Journal of Pure and Applied MicrobiologyVol. 6 No. 4

RAPD Marker Assisted Development of Improved Strains of Agaricus bisporus (Lange) Sing

Shivani Chauhan1, Shammi Kapoor2 and Saneel K. Thakur3

1Department of Pharmacology and Toxicology, College of Veterinary and Animal Sciences, CSKHPKV, Palampur - 176 062, India. 2Department of Microbiology, Punjab Agricultural University, Ludhiana, Punjab - 141 004, India. 3Department of Chemistry, Sri Sai University, Palampur - 176 062, India.

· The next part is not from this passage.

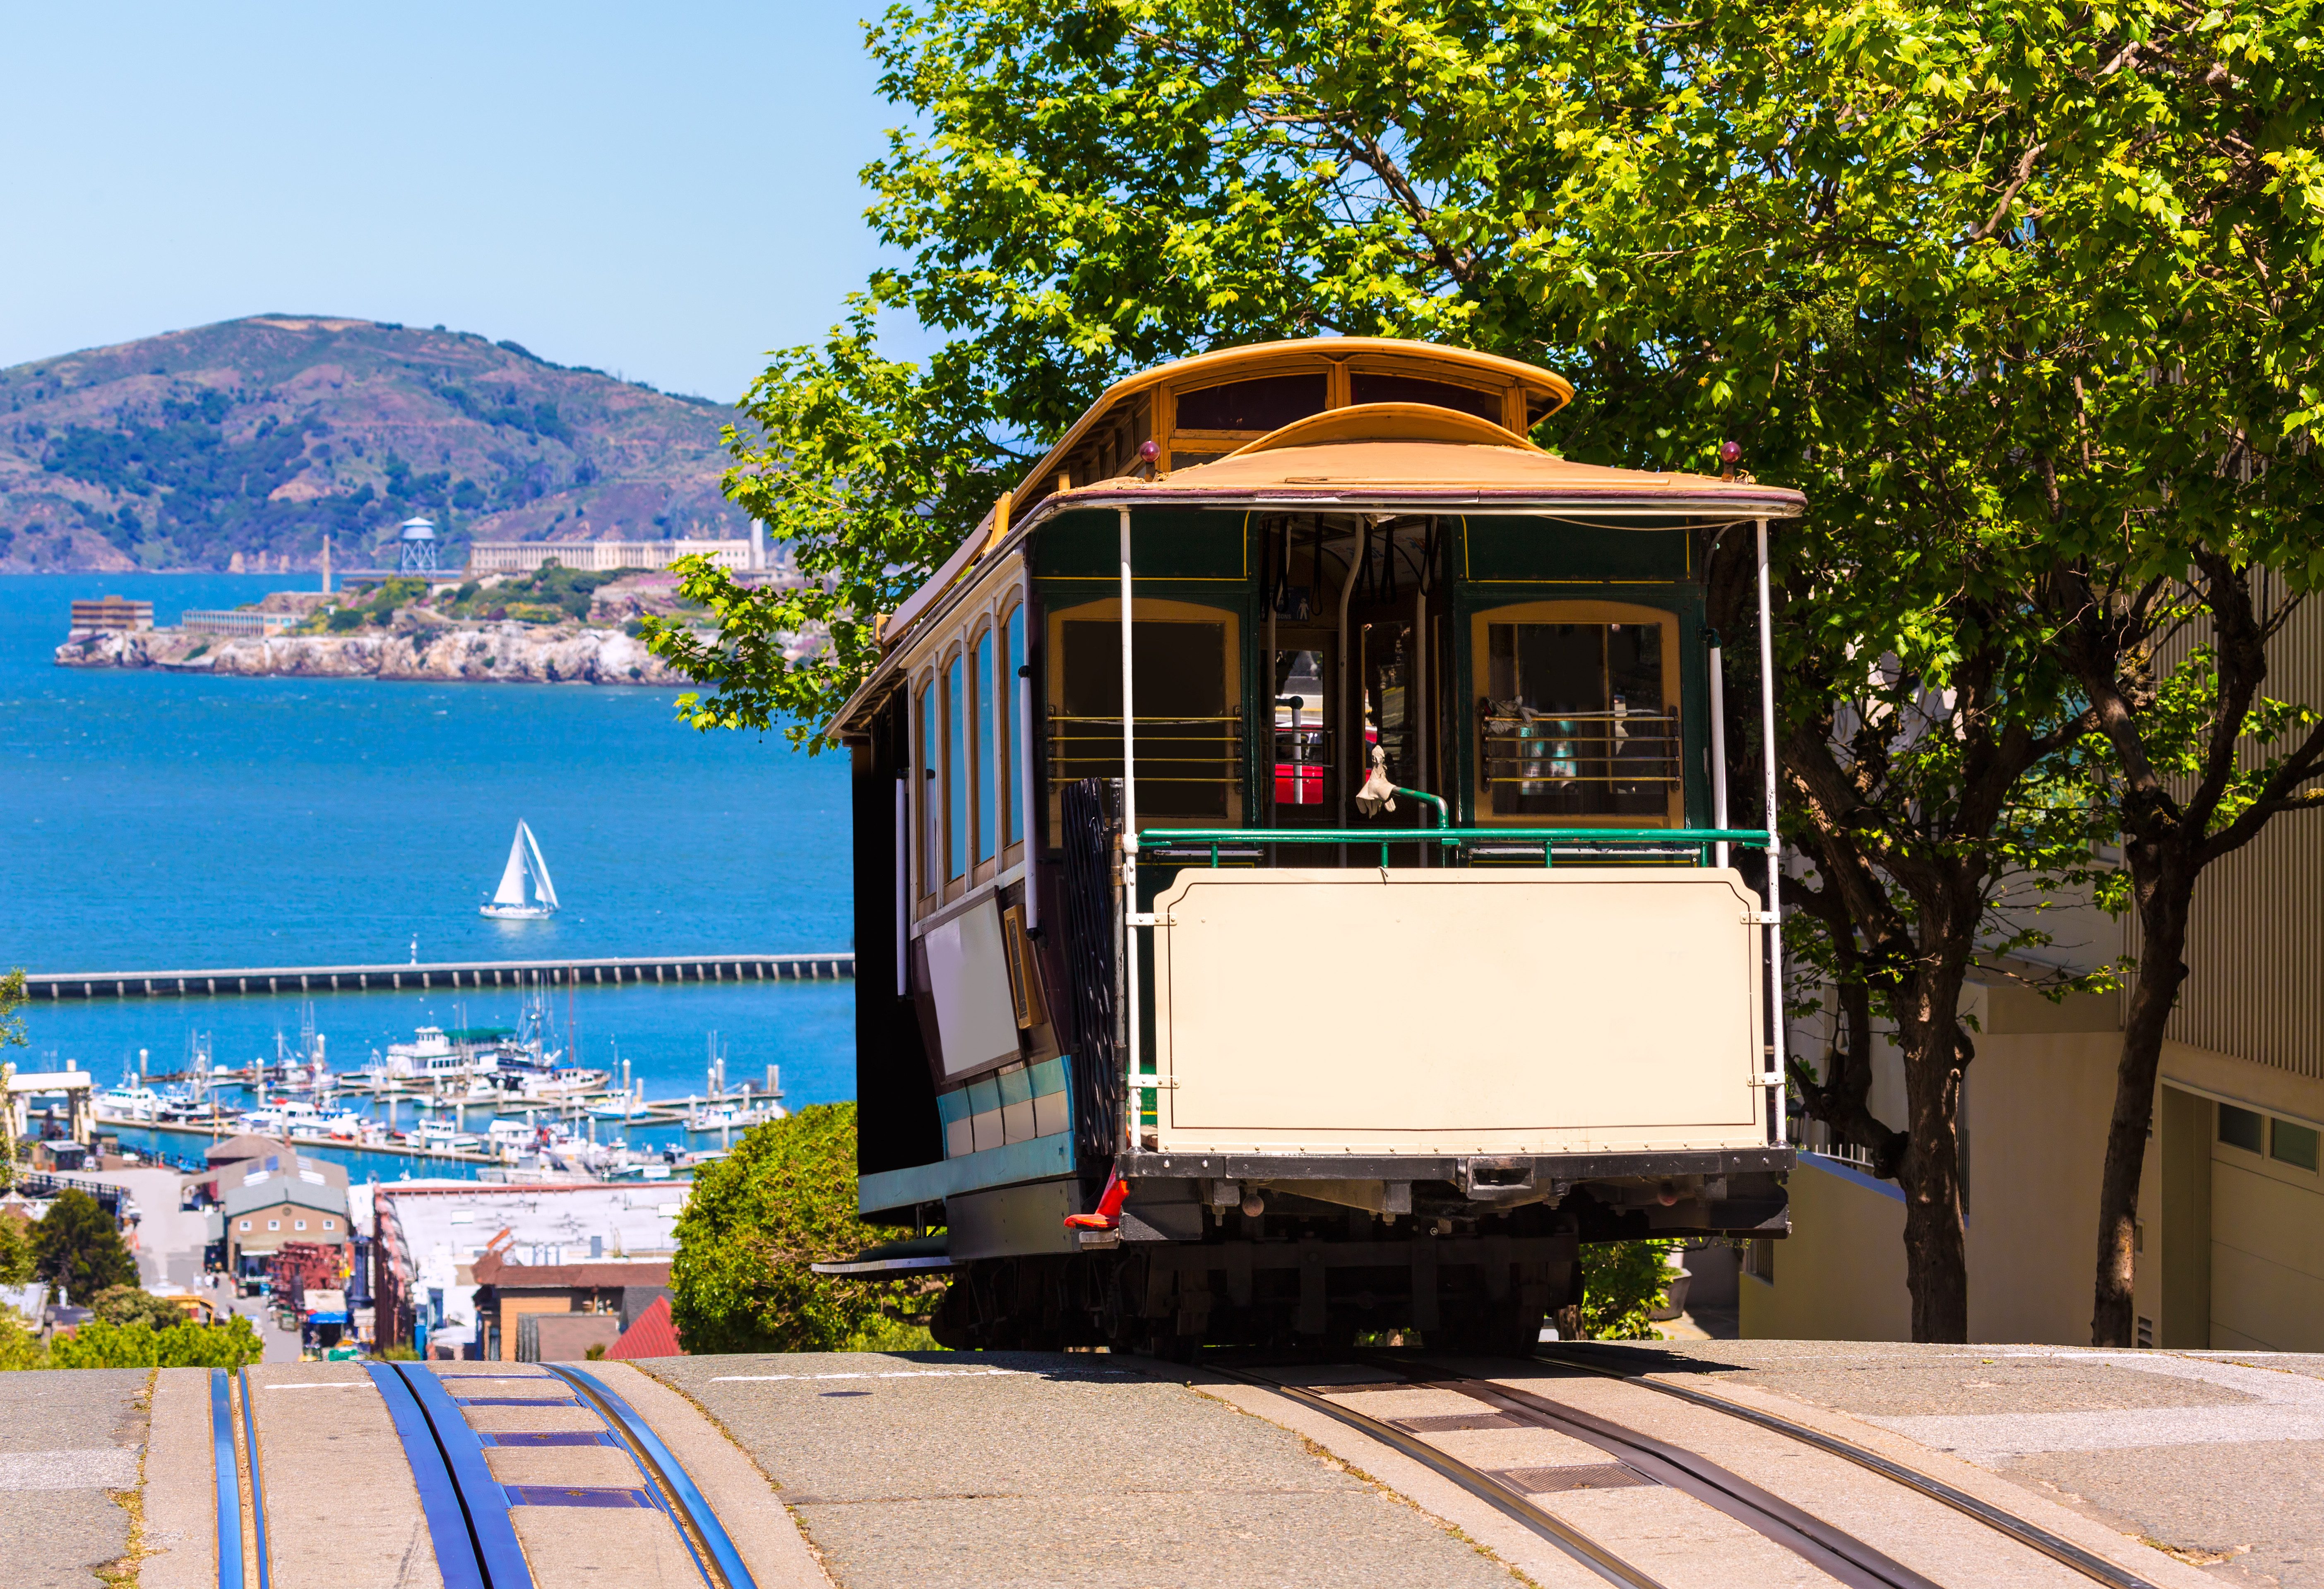 Канатный трамвай. Канатный трамвай Сан-Франциско. Сан Франциско трамвайчик. Сан Франциско трамвай фуникулер. Канатная дорога Сан Франциско.

Received on 18 October 2012 and accepted on 30 November 2012



Agaricus bisporus, commonly known as the button mushroom, is the most widely cultivated species of edible fungi. Many polymorphic molecular markers have been exploited for strain identification in wild and commercial strains of this mushroom. The aim of this study was to develop hybrid strains using random amplified polymorphic DNA (RAPD) markers. For this purpose A. bisporus germplasm consisting of nineteen Agaricus bisporus parental strains (P-1, U-3, S-11, CM-1 to CM-16) were screened for yield, quality and morphological parameters. Out of these, ten parental strains were selected (P-1, U-3, S-11, CM-5, CM-7, CM-8, CM-10, CM-13, CM-14 and CM-16) which were found to be better than others. They were further analyzed for degree of divergence among them through RAPD analysis. They were found to possess similarity coefficient ranging between 0.73 to 0.98. These ten strains were used for spore collection. From spores germinated on Lambert’s medium more than 500 single spore isolates (SSI’s) were isolated. These SSI’s were put to fruiting test out of which only 22 SSI’s did not show fruiting and were selected for intra-crossing for development of hybrid. Out of 17 crosses made only 5 showed compatibility between monokaryons i.e. resulted in hybrid development. Five A. bisporus parental strains , their ten single spore isolates (SSIs) and five hybrid strains so obtained were further assessed for their similarity using 10 single 10bp primers, producing 252 scorable and 81 polymorphic bands. UPGMA clustering analysis showed three major phylogenetic clusters. First and second cluster comprised of 8 strains showing intra-cluster variation, third cluster had four genetically distinguishable strains. Germplasm strains mostly had strandy/dense colonies on Potato Dextrose Agar and the strains differ significantly in mycelium growth rate. However, these environmentally variable morphological traits could not be utilized as sole criteria for establishing strainal identities. Hence, the RAPD profile generated in this study along with morpho-physiological description could be used as a reference for identification of A. bisporus strains.

Keywords : Agaricus bisporus, Genetic diversity, RAPD analysis, Molecular marker.